INSTRUCTIONS TO FOLLOW:
Transcribe the data exactly. Pictures stay out.

PROVIDED MATERIAL:
<<<<
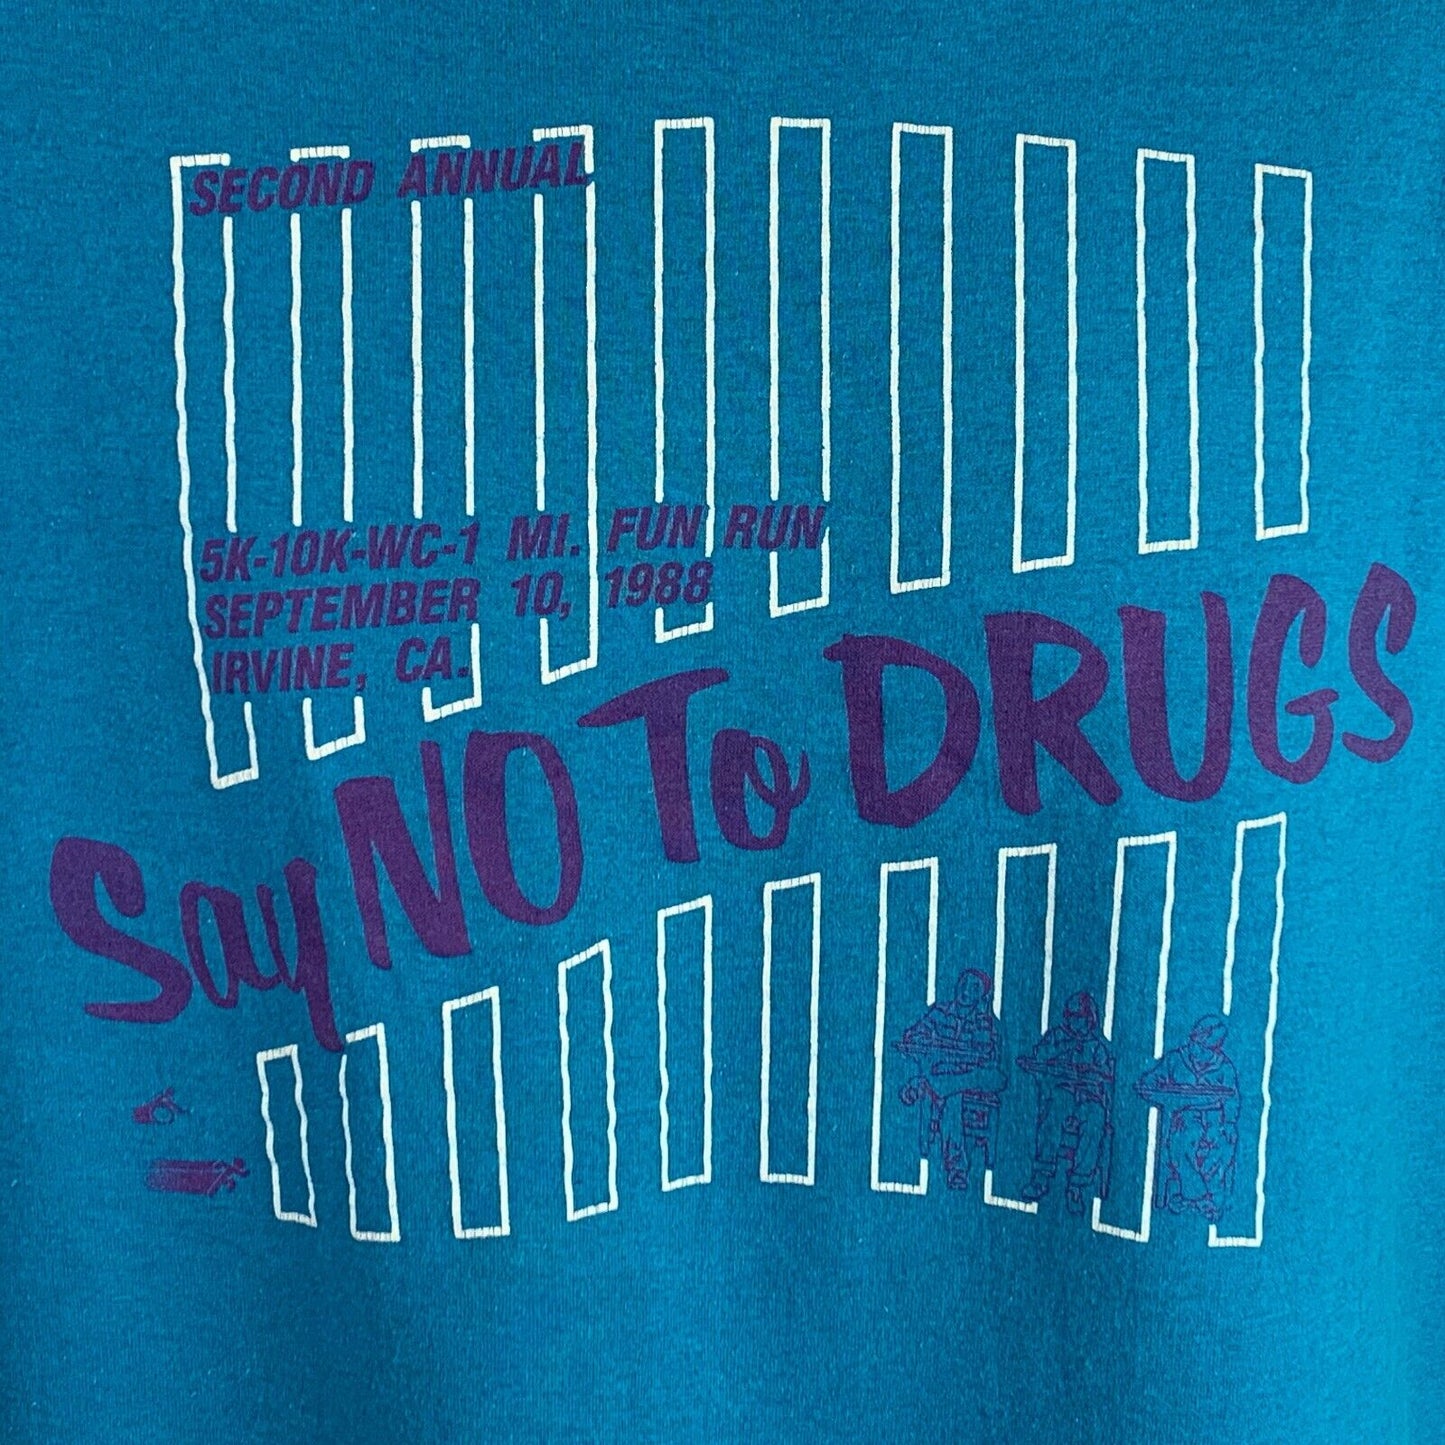 Say No To Drugs Fun Run Vintage 80s T Shirt Irvine California Made In USA Large
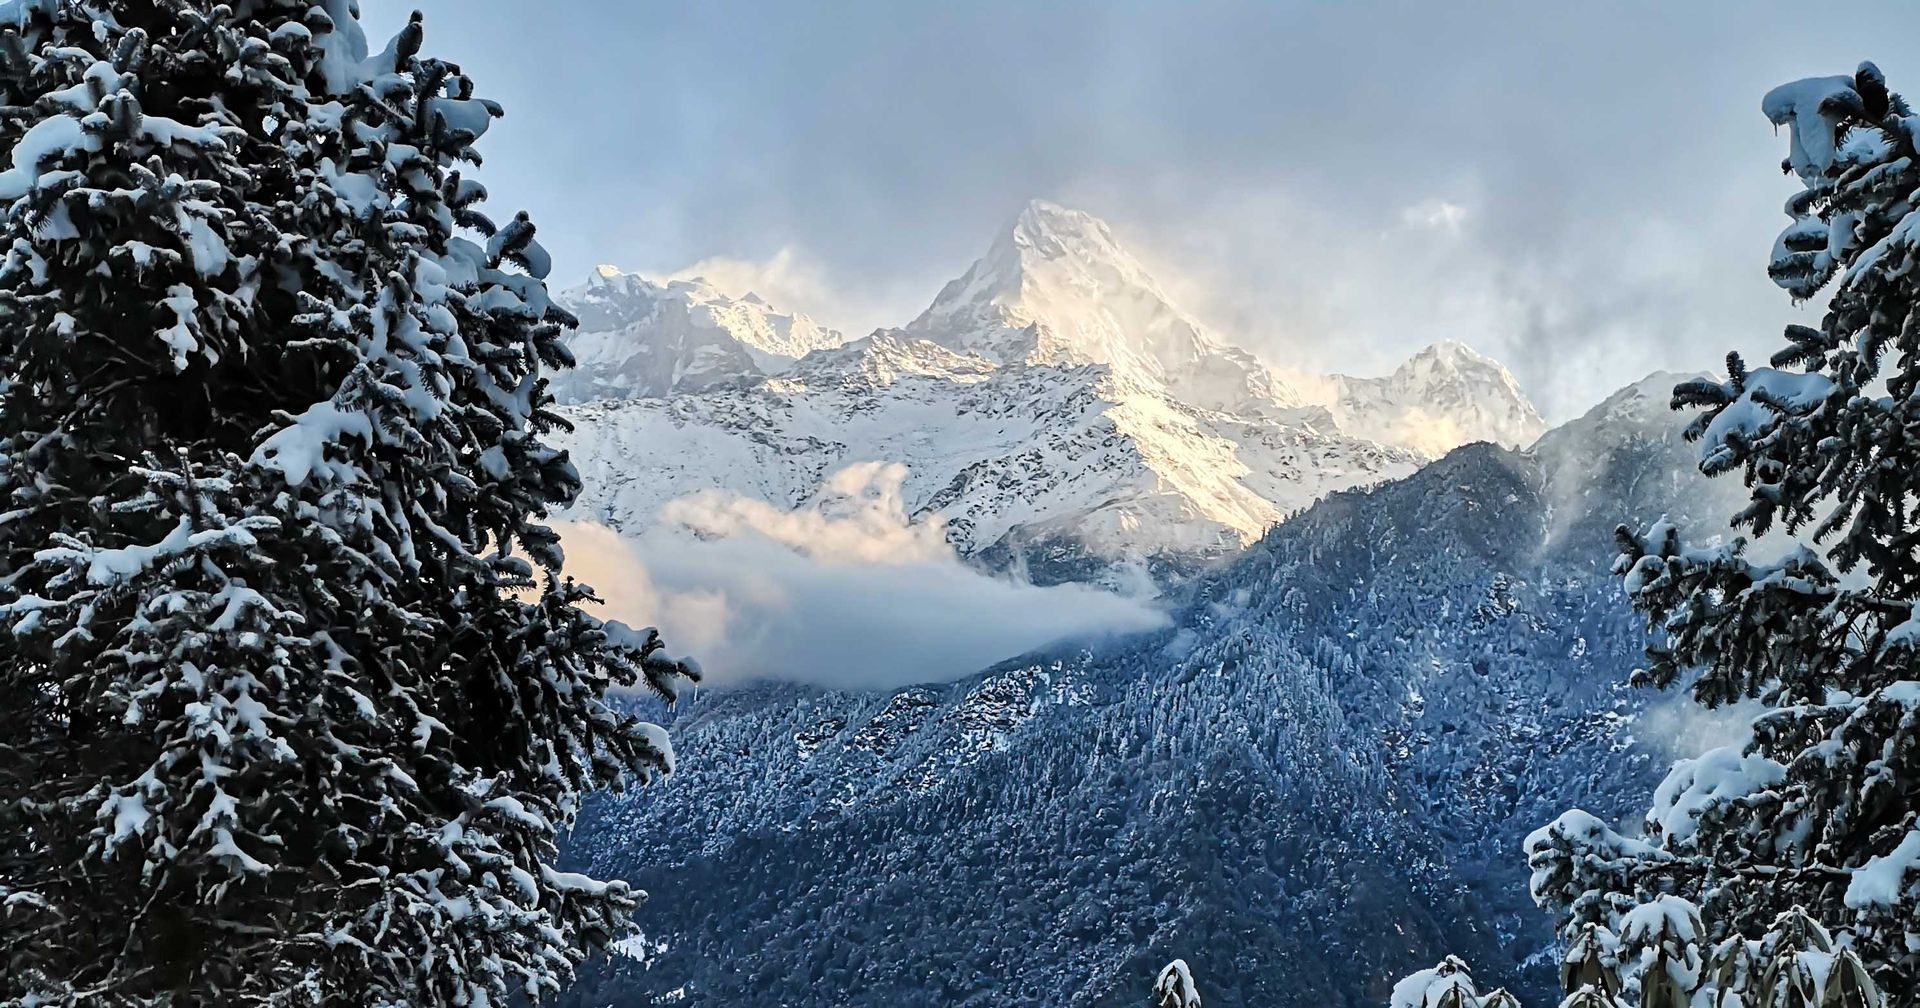  Poon Hill trail in Nepal during winter, showcasing the majestic snow-covered peaks 
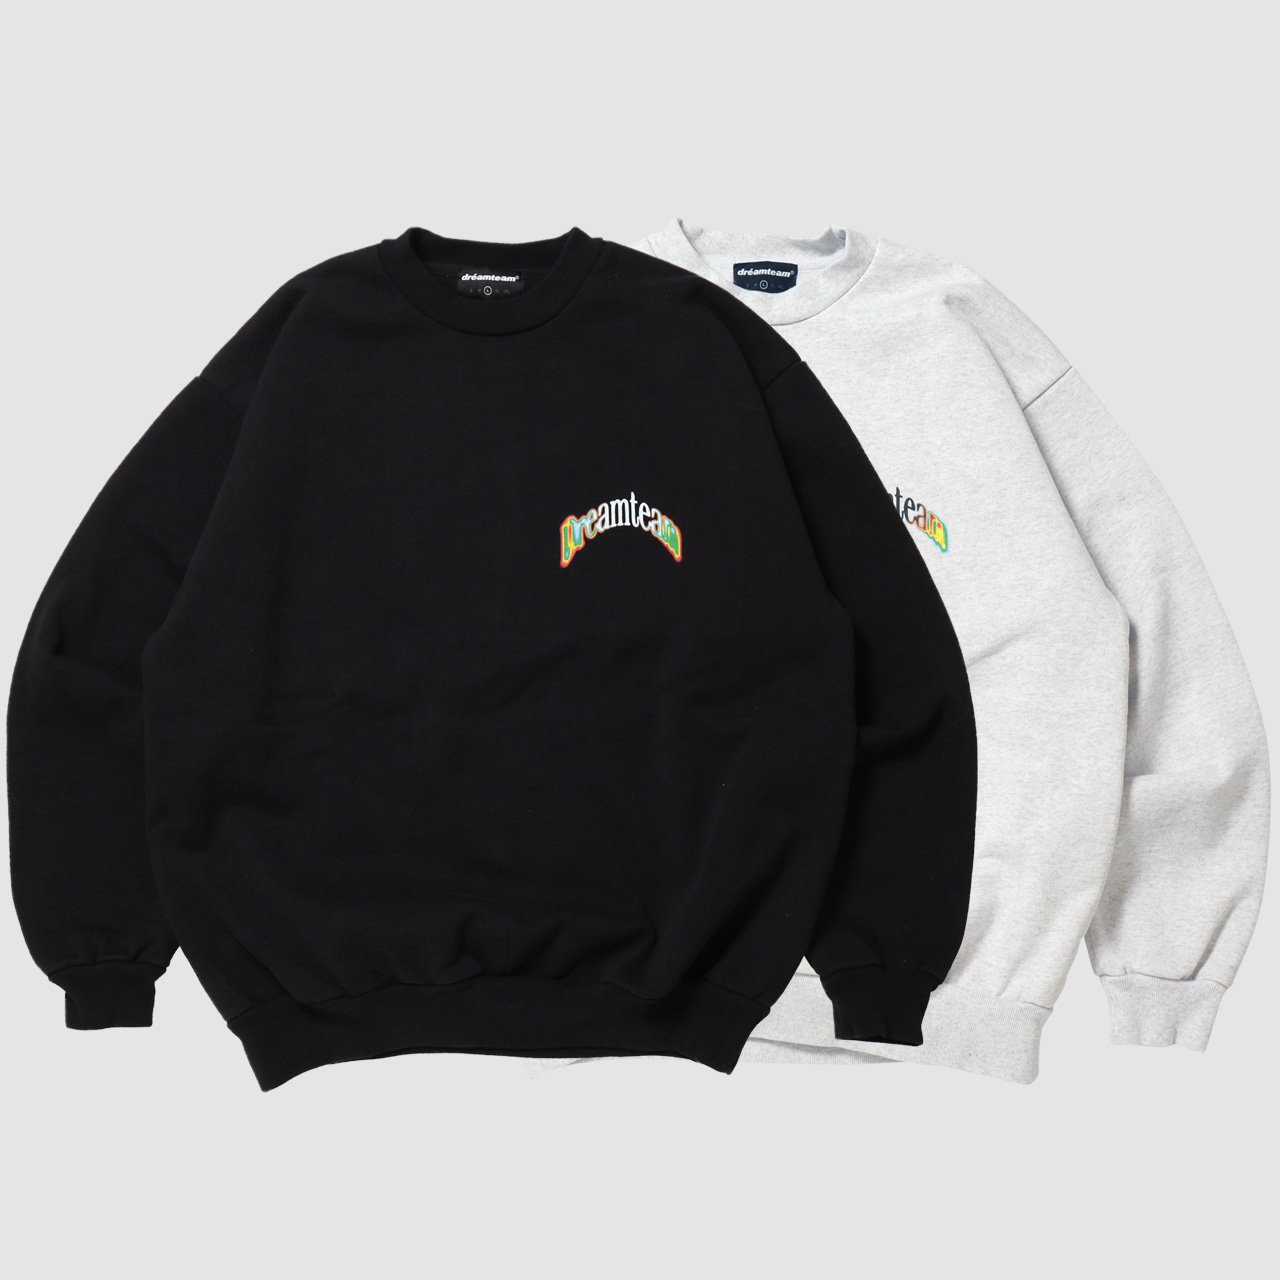 <img class='new_mark_img1' src='https://img.shop-pro.jp/img/new/icons20.gif' style='border:none;display:inline;margin:0px;padding:0px;width:auto;' />DT Thermography Logo Crewneck Sweat
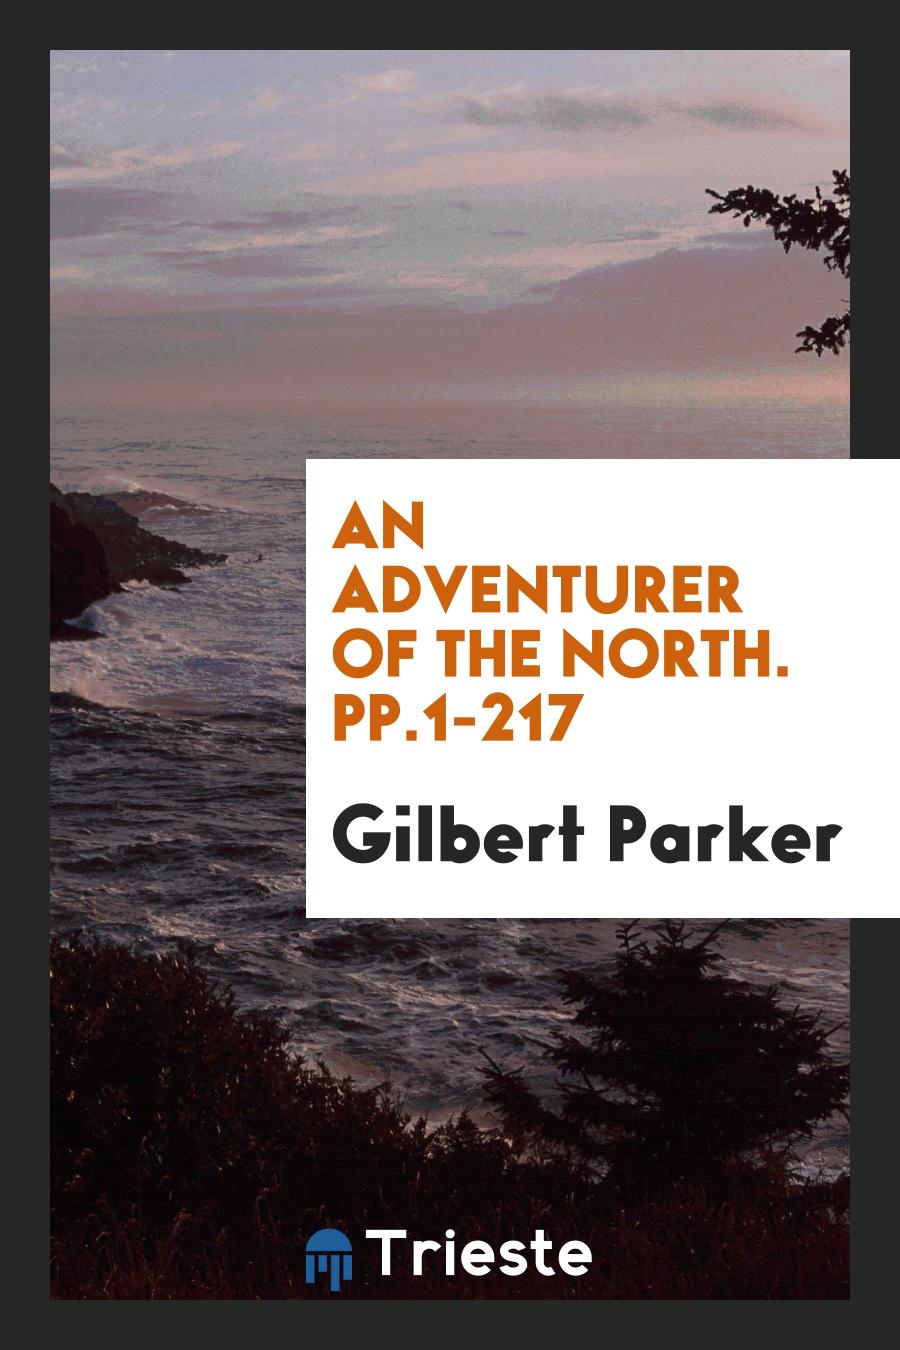 An Adventurer of the North. pp.1-217
>>>>
RESPONSE AREA:
 Say No To Drugs Fun Run Vintage 80s T Shirt Irvine California Made In USA Large
  Poon Hill trail in Nepal during winter, showcasing the majestic snow-covered peaks 
 <img class='new_mark_img1' src='https://img.shop-pro.jp/img/new/icons20.gif' style='border:none;display:inline;margin:0px;padding:0px;width:auto;' />DT Thermography Logo Crewneck Sweat
 An Adventurer of the North. pp.1-217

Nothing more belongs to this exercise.